I finally purchased a 921 after borrowing friends and Families other brands. I still borrow other cookers when doing big projects. When doing small projects the 921 seems like an overkill. I want to buy Another one so I can stop borrowing them, I'm just not sure if a 915 would be better to own for smaller jobs, like one or two quarts? Does the smaller one noticeably heat up faster or is it better to just buy another 921, because the prices are so close together. Any thoughts?


----------



## Caribou (Aug 18, 2012)

My current canner will do two layers of seven quarts each or three layers of eight pints each. My last canning project I only had seven quarts so I just used one layer. You can put fewer jars in a large canner but you can't put more jars in a small canner.

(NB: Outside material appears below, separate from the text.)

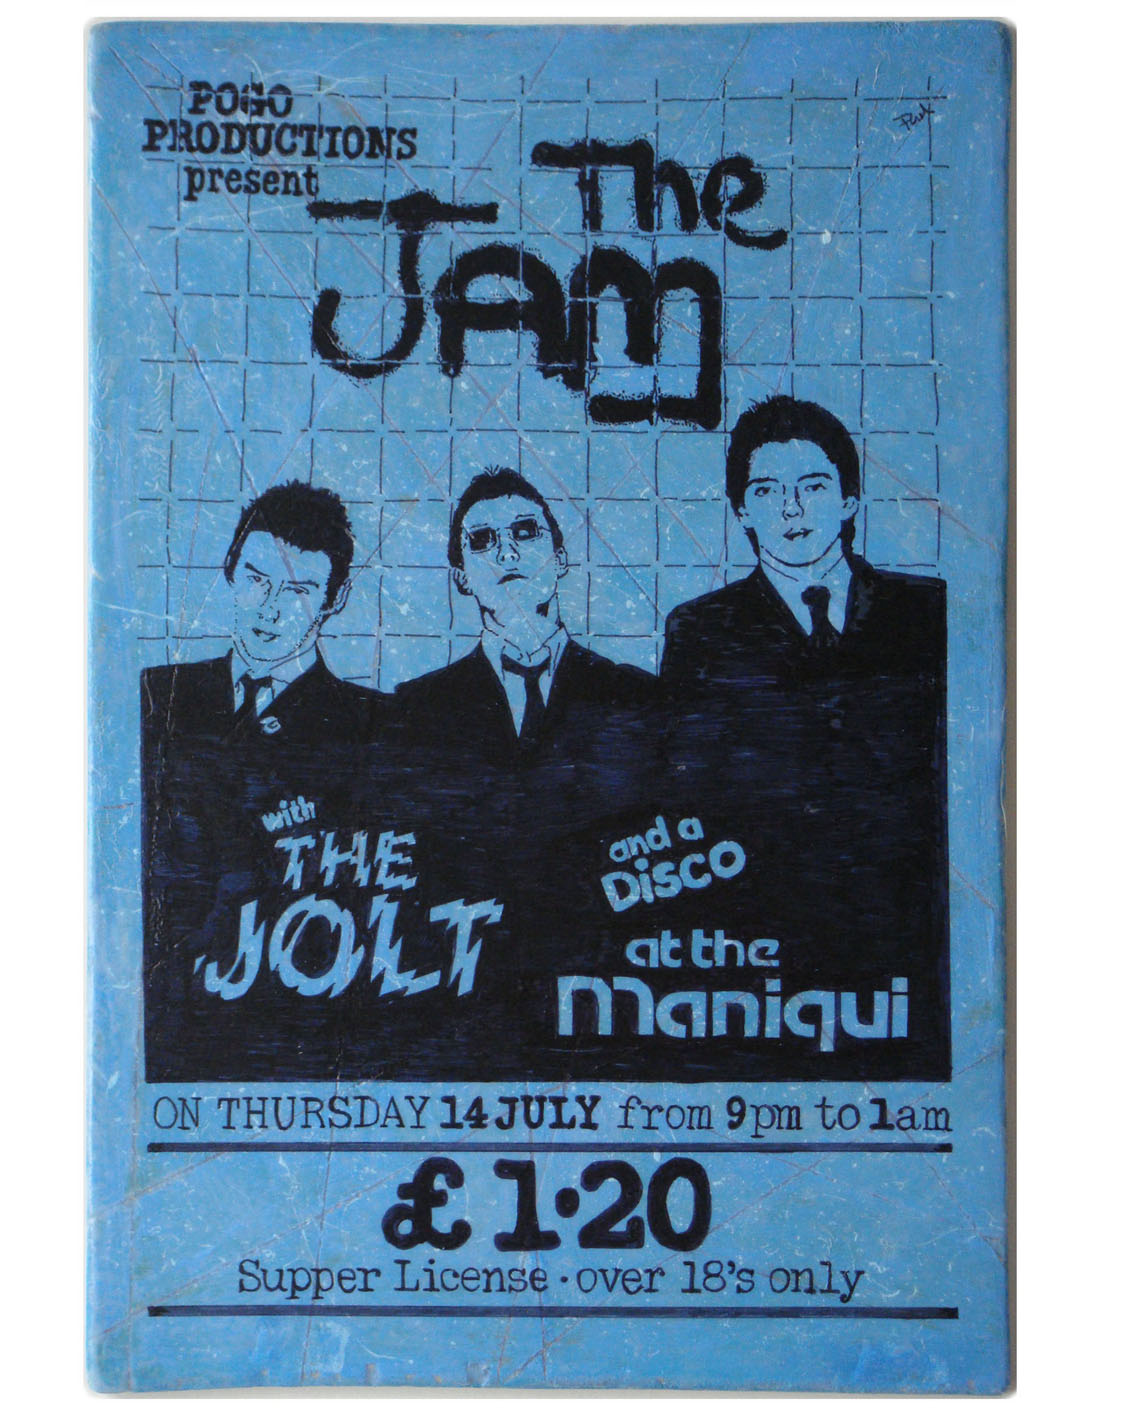 The Jam<br>Falkirk Maniqui<br>Mixed media on plywood<br>28 x 42cm
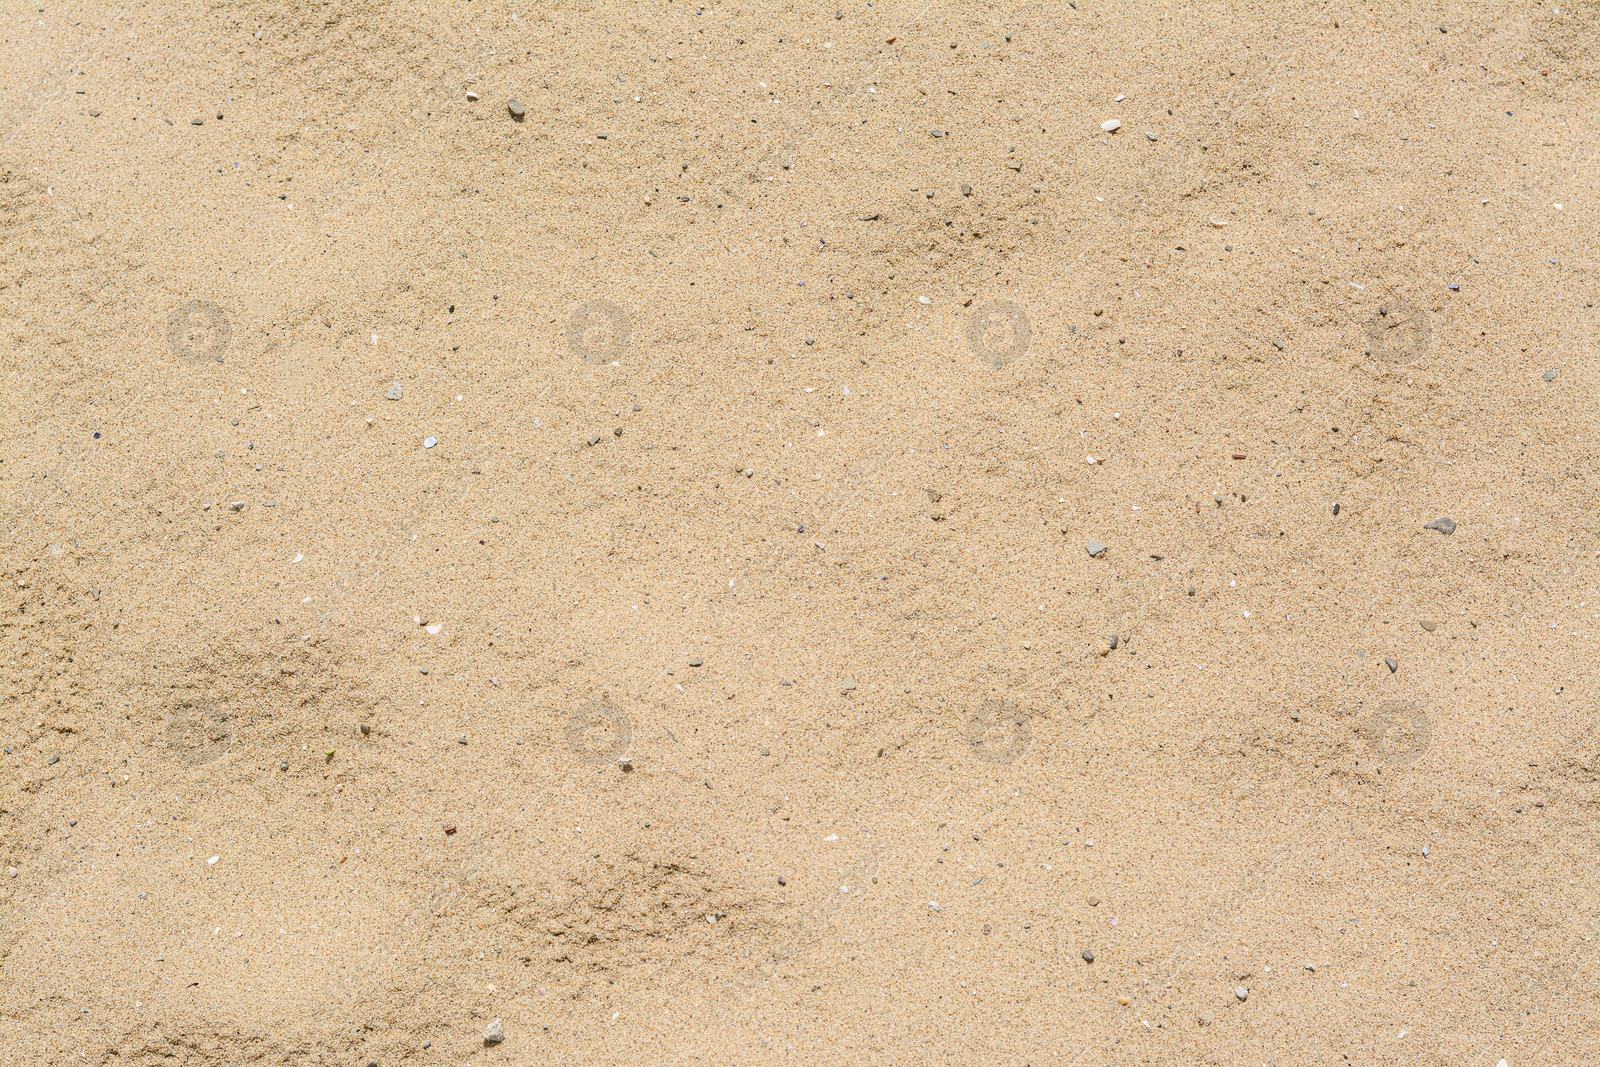 Photo of Texture of sandy beach as background, above view

I'd rather put up a large batch. It takes time to heat up, an hour and a half to cook, and time to cool off. The time saved by doing a large batch seems more efficient to me. I have even frozen fish in the canning jars when I knew I would have more fish in a few days so I could do it all at the same time. If you want to do a small batch just make sure that the layer is full. Some people will can up some water in the extra places. This gives them water to store and more importantly it prevents other jars from tipping over.

I want the 941. YMMV


----------



## Ontimegreg (Apr 22, 2016)

Caribou said:


> My current canner will do two layers of seven quarts each or three layers of eight pints each. My last canning project I only had seven quarts so I just used one layer. You can put fewer jars in a large canner but you can't put more jars in a small canner.
> 
> I'd rather put up a large batch. It takes time to heat up, an hour and a half to cook, and time to cool off. The time saved by doing a large batch seems more efficient to me. I have even frozen fish in the canning jars when I knew I would have more fish in a few days so I could do it all at the same time. If you want to do a small batch just make sure that the layer is full. Some people will can up some water in the extra places. This gives them water to store and more importantly it prevents other jars from tipping over.
> 
> I want the 941. YMMV


Thanks for the input, but I'm not really looking for a bigger one cuzz I'm not supposed to be using the 921 on my stove now, I do for small couple quart projects but i do it out side for big projects, I wanted to know if a smaller one works faster or better then a 921. 
I don't think my grown-up (wife) would let me get a 14 quarter because she won't be able to use it if I'm not there, it's to tall and to heavy and to expensive for her. That's why I was thing about another 921 or a 915 to still do 14 quarts outside, but if a smaller one doesn't work any faster, I might as well get a another 921.


----------



## zombieresponder (Aug 20, 2012)

A smaller canner _should_ take less time and BTU's to heat up. Less mass + less "empty" airspace to bring up to temp.


----------



## AmishHeart (Jun 10, 2016)

I have the smaller All American. The bigger one is just too heavy


----------